**What to produce:** Exact retyping of the data: please keep every word and drop each picture.
::: Supplied information :::
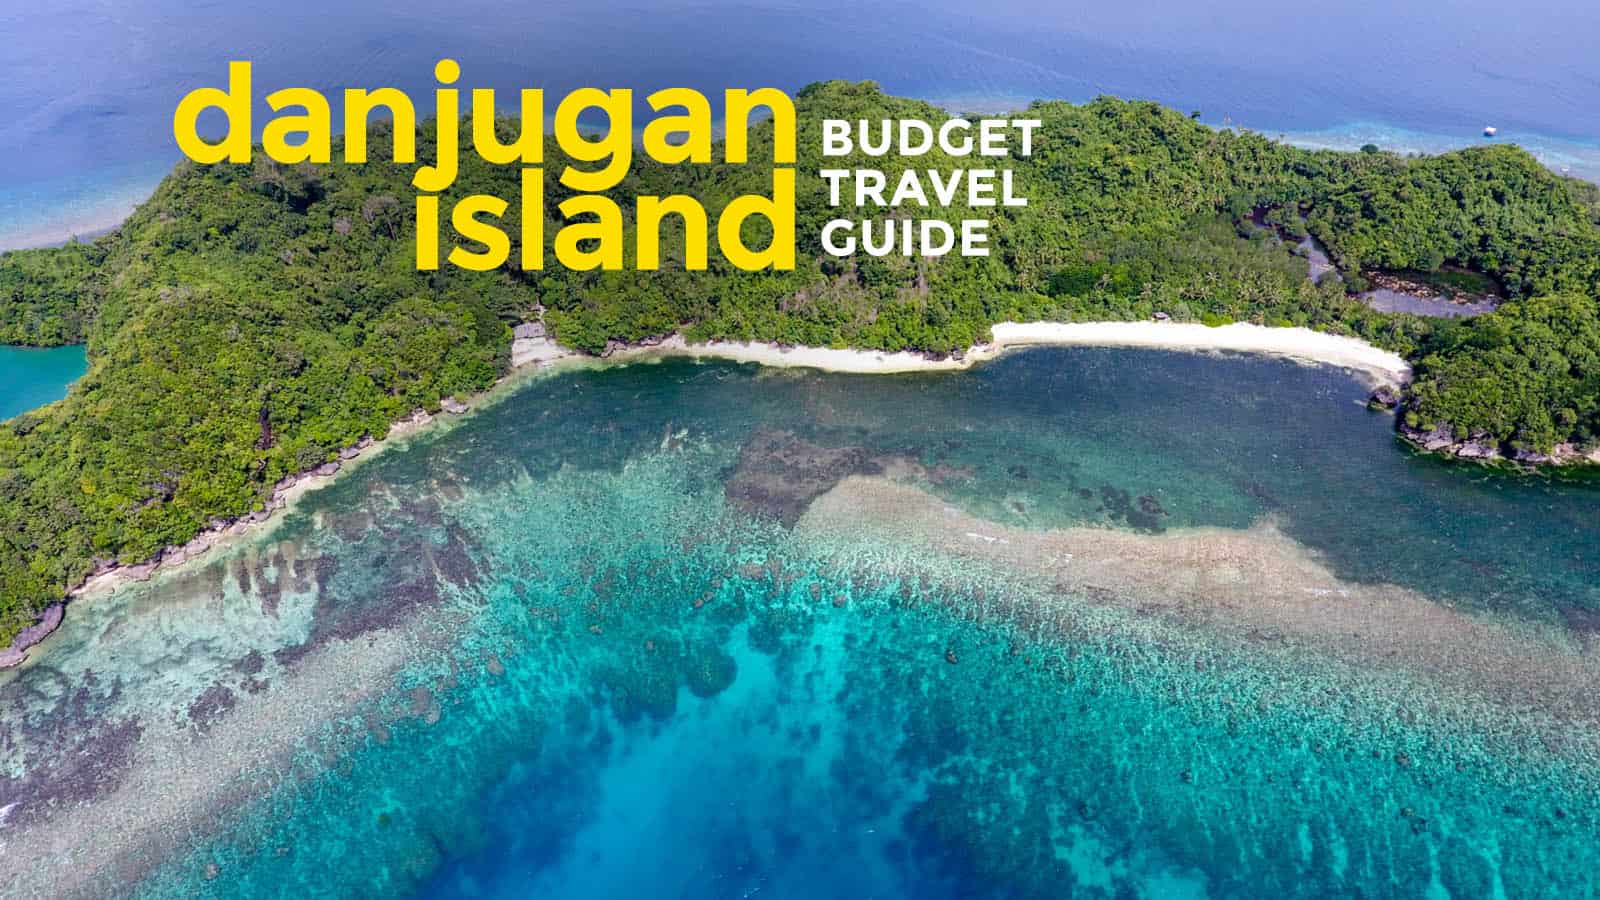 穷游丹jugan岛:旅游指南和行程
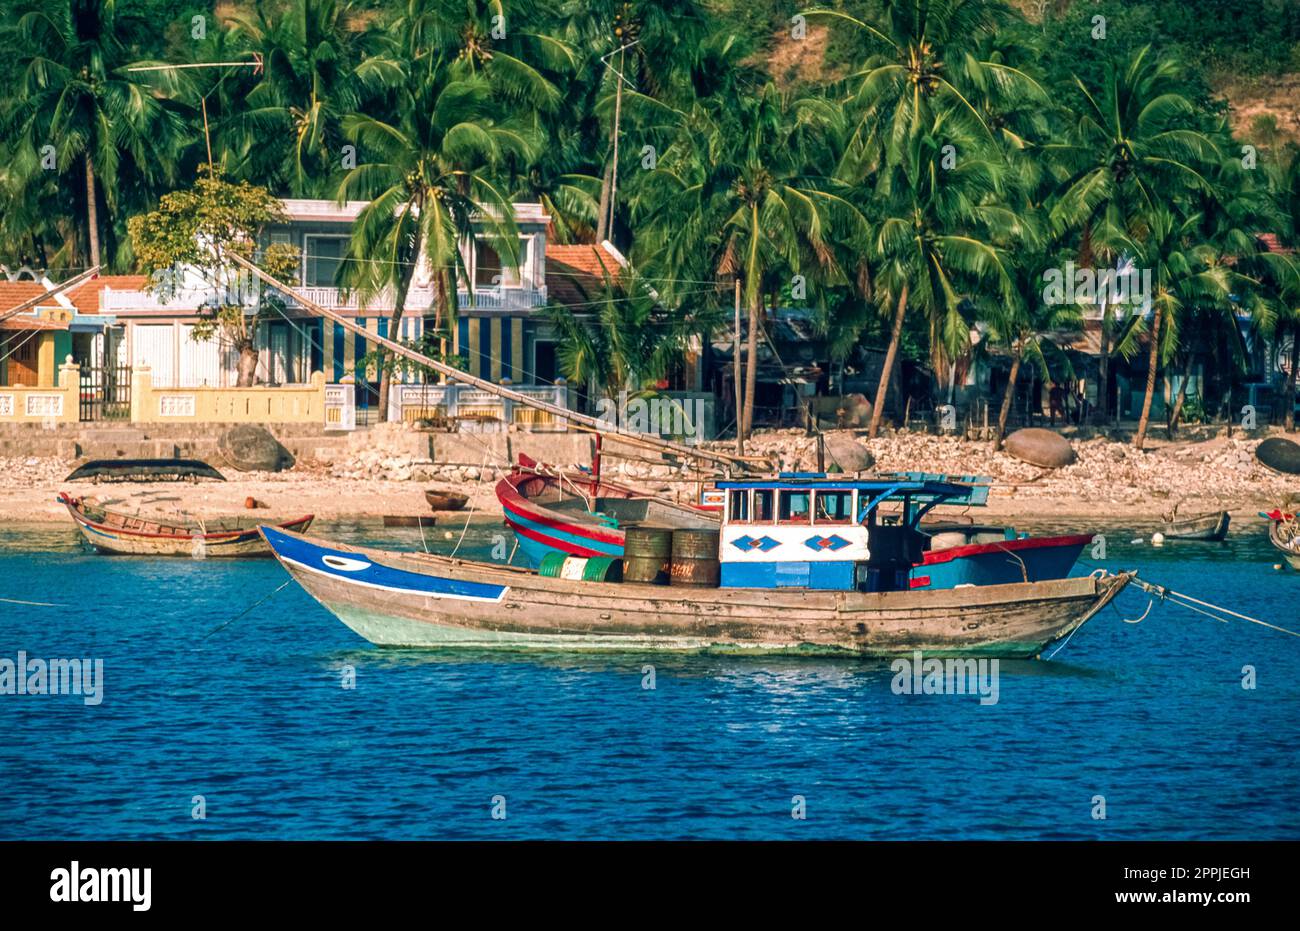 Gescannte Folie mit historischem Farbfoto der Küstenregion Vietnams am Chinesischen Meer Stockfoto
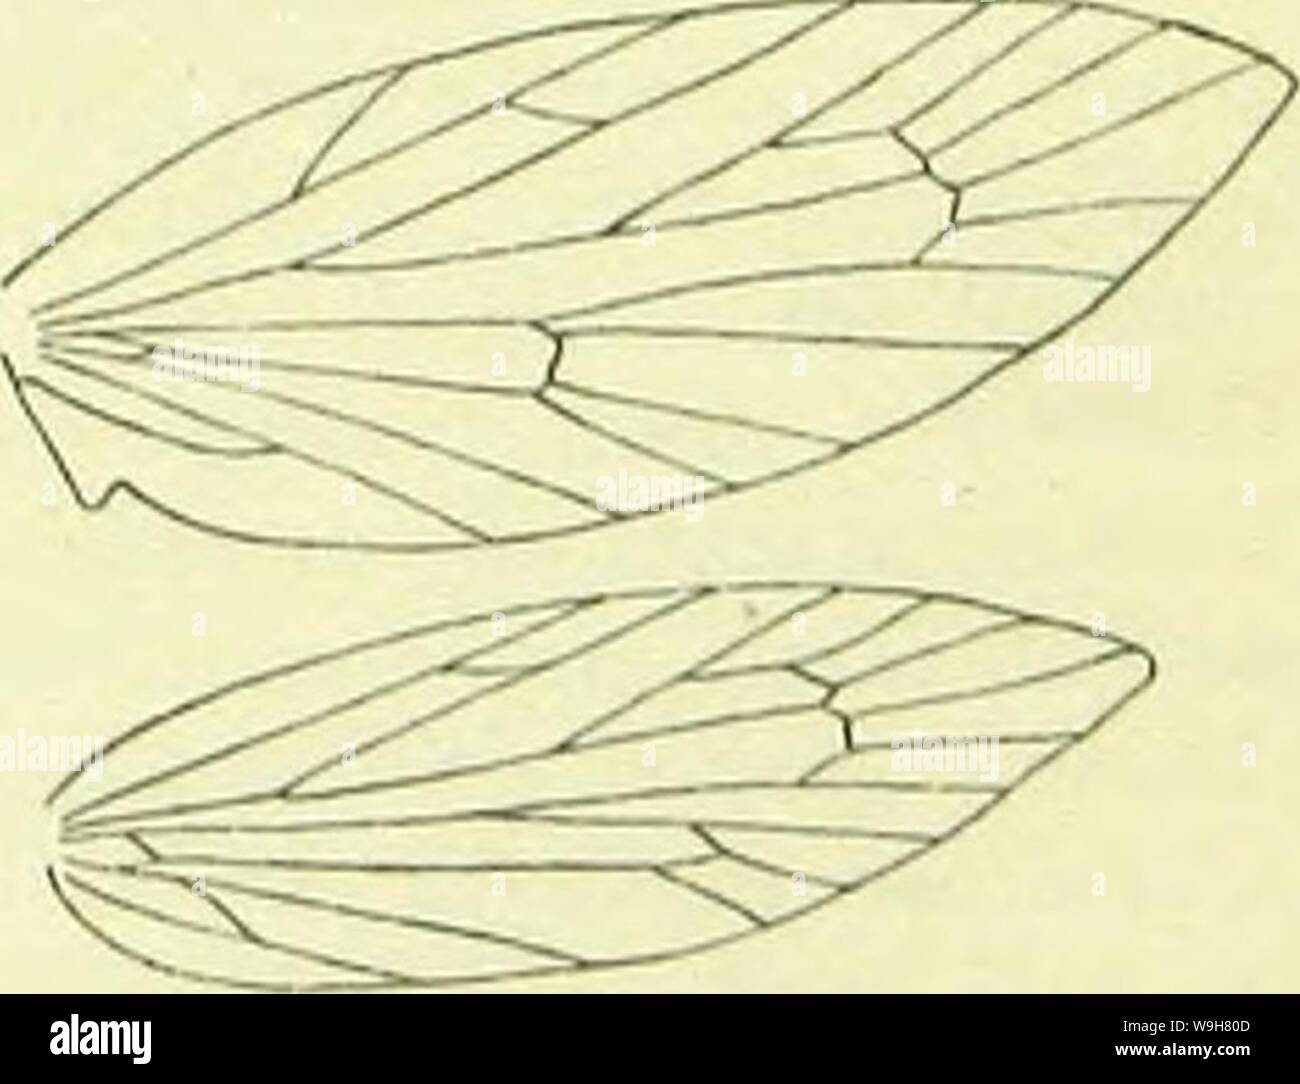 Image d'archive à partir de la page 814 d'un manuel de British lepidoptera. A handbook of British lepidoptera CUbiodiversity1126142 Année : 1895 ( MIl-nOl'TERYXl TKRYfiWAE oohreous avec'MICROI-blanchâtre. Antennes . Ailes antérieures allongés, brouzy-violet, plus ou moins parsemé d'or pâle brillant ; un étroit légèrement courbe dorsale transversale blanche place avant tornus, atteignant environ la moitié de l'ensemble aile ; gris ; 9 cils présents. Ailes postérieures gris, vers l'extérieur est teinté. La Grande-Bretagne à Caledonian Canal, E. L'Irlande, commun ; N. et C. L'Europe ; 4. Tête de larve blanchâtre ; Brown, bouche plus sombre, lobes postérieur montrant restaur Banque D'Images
:::
**Result of this task:**
 穷游丹jugan岛:旅游指南和行程
 Gescannte Folie mit historischem Farbfoto der Küstenregion Vietnams am Chinesischen Meer Stockfoto
 Image d'archive à partir de la page 814 d'un manuel de British lepidoptera. A handbook of British lepidoptera CUbiodiversity1126142 Année : 1895 ( MIl-nOl'TERYXl TKRYfiWAE oohreous avec'MICROI-blanchâtre. Antennes . Ailes antérieures allongés, brouzy-violet, plus ou moins parsemé d'or pâle brillant ; un étroit légèrement courbe dorsale transversale blanche place avant tornus, atteignant environ la moitié de l'ensemble aile ; gris ; 9 cils présents. Ailes postérieures gris, vers l'extérieur est teinté. La Grande-Bretagne à Caledonian Canal, E. L'Irlande, commun ; N. et C. L'Europe ; 4. Tête de larve blanchâtre ; Brown, bouche plus sombre, lobes postérieur montrant restaur Banque D'Images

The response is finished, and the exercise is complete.